RFR: 8365205: C2: Optimize popcount value computation using knownbits [v3]
Emanuel Peter
epeter at openjdk.org
Tue Sep 9 11:51:00 UTC 2025
On Fri, 5 Sep 2025 17:17:52 GMT, Jatin Bhateja <jbhateja at openjdk.org> wrote:
>> This patch optimizes PopCount value transforms using KnownBits information.
>> Following are the results of the micro-benchmark included with the patch
>>
>>
>>
>> System: 13th Gen Intel(R) Core(TM) i3-1315U
>>
>> Baseline:
>> Benchmark Mode Cnt Score Error Units
>> PopCountValueTransform.LogicFoldingKerenLong thrpt 2 215460.670 ops/s
>> PopCountValueTransform.LogicFoldingKerenlInt thrpt 2 294014.826 ops/s
>> PopCountValueTransform.StockKernelInt thrpt 2 409295.875 ops/s
>> PopCountValueTransform.StockKernelLong thrpt 2 368025.608 ops/s
>>
>> Withopt:
>> Benchmark Mode Cnt Score Error Units
>> PopCountValueTransform.LogicFoldingKerenLong thrpt 2 389978.082 ops/s
>> PopCountValueTransform.LogicFoldingKerenlInt thrpt 2 417261.583 ops/s
>> PopCountValueTransform.StockKernelInt thrpt 2 418649.269 ops/s
>> PopCountValueTransform.StockKernelLong thrpt 2 381330.221 ops/s
>>
>>
>> Kindly review and share your feedback.
>>
>> Best Regards,
>> Jatin
>
> Jatin Bhateja has updated the pull request incrementally with one additional commit since the last revision:
>
> Update countbitsnode.cpp
Very nice improvement @jatin-bhateja , thanks for working on it :)
src/hotspot/share/opto/countbitsnode.cpp line 125:
> 123: range is computed using the following formulas:-
> 124: - _hi = ~ZEROS
> 125: - _lo = ONES
Is there going to be some other Lemma here, that gives rise to the numbering? I'd just remove the numbering.
src/hotspot/share/opto/countbitsnode.cpp line 128:
> 126: Proof:-
> 127: - KnownBits.ZEROS and KnownBits.ONES are inferred out of the common prefix of the value range
> 128: delimiting bounds.
It could come from the range. But it could also come from individual bits being and-ed or or-ed to 1 or 0. I'll give an alternative suggestion below.
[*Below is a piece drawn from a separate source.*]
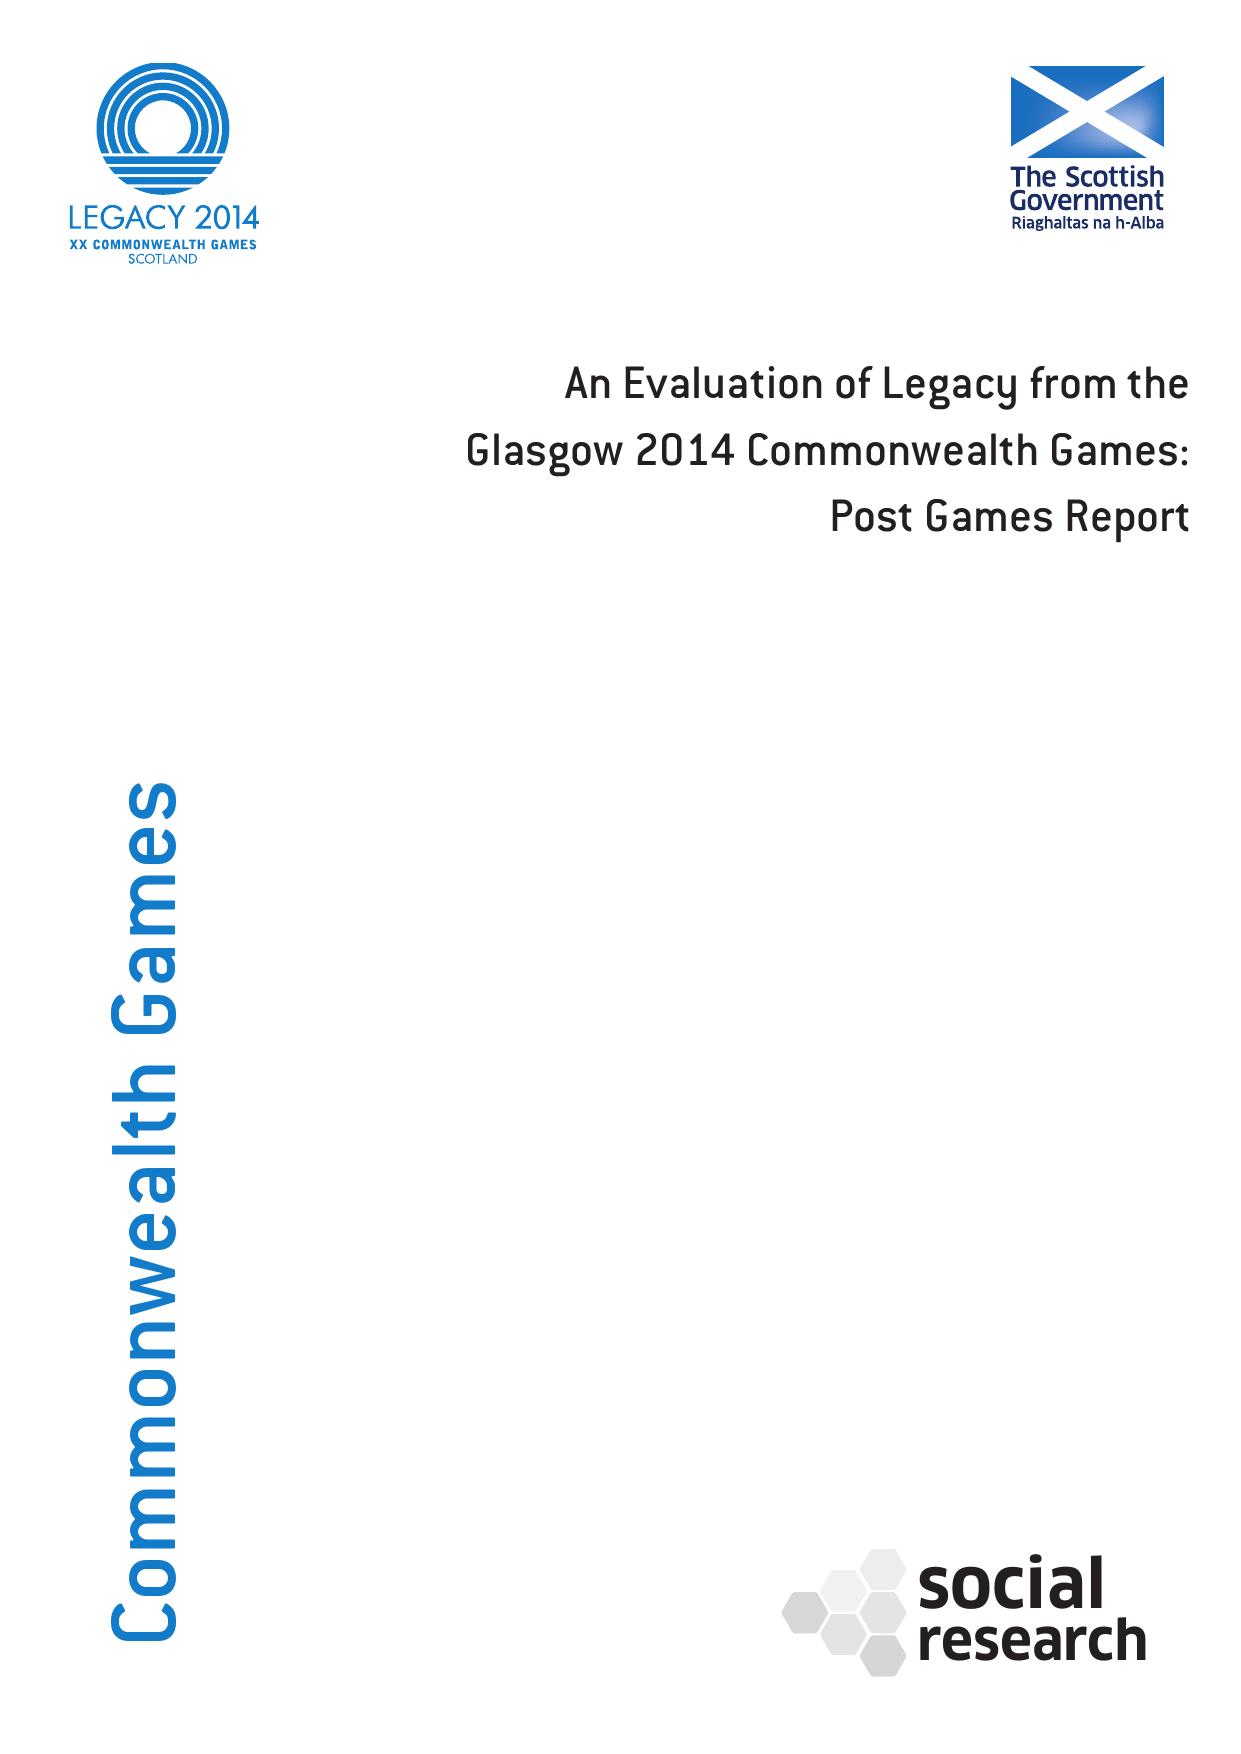 Commonwealth Games An Evaluation of Legacy from the Glasgow 2014 Commonwealth Games: Post Games Report

src/hotspot/share/opto/countbitsnode.cpp line 145:
> 143: B) Now, transform the computed knownbits back to the value range.
> 144: _new_lo = _known_bits.ones = 0b11000100
> 145: _new_hi = ~known_bits.zeros = 0b11000111
This kinda duplicates all the descriptions that we have in KnownBits. I would drop it. Or maybe just refer to something over there.
src/hotspot/share/opto/countbitsnode.cpp line 149:
> 147: - We now know that ~KnownBits.ZEROS >= UB >= LB >= KnownBits.ONES
> 148: - Therefore, popcount(ONES) and popcount(~ZEROS) can safely be assumed as the upper and lower
> 149: bounds of the result value range.
I don't quite see how that follows from the proof. And I'm also worried about the correctness.
You are using the signed `_lo` and `_hi`. But the zeros and ones are unsigned. So it is a bit unclear what your comparisons prove here - you should probably cast one to signed or the other to unsigned to make things explicit.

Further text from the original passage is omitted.